- Developers: Nintendo SPD Intelligent Systems
- Publisher: Nintendo
- Director: Toshiaki Suzuki
- Producer: Shinya Takahashi
- Engine: PictoChat
- Platform: Nintendo DS
- Release: JP: April 13, 2006;
- Genre: Educational
- Modes: Single-player, multiplayer

= Kanji Sonomama Rakubiki Jiten DS =

 (漢字そのままＤＳ楽引辞典, Kanji Sonomama Rakubiki Jiten DS), is a Kanji-English-Japanese dictionary based training software developed for the Nintendo DS and released on April 13, 2006. The software was developed by Nintendo's Software Development and Design division with assistance from Intelligent Systems. It was released only in Japan. The software is marketed as a part of the Genius (ジーニアス, Jīniasu) series.

==Features==

The software allows for the input of kanji symbols via the stylus, and for the lookup of words in English, as well as the two Japanese alphabets (hiragana and katakana), and also provides pronunciation. It also provides a quiz mode for added educational value. The software is intended to help Japanese people learning English with the TOEIC, or Test of English for International Communication. The software's official web site claims the dictionary offers 13,000 words.

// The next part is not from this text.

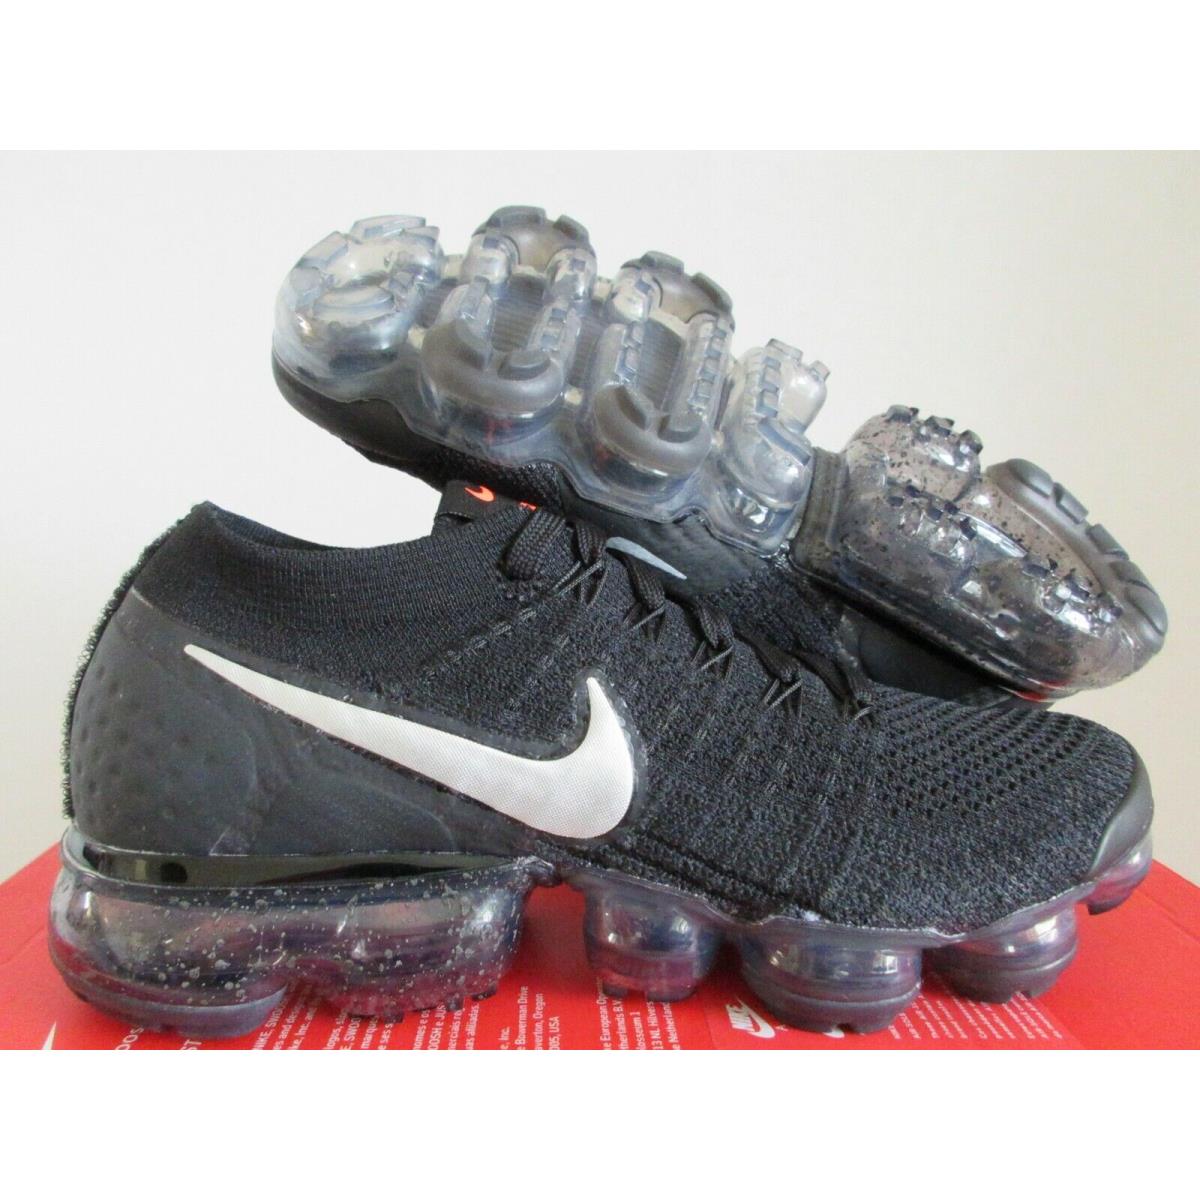 Nike shoes Air Vapormax Flyknit - Silver 0

The program also offers convenient features (べんり機能, benri kinō) including a calculator, world clock, alarm clock, and calendar.

The software also includes Pictochat with Japanese features and voices.

Additionally, the software has numerous Nintendo-related Easter eggs, such as the words "Mario" and "Nintendo" generating a Super Mario Bros. coin-collection sound when tapped on, and four hidden Game & Watch titles which can be played with the stylus or buttons: Ball, Manhole, Judge, and Flagman.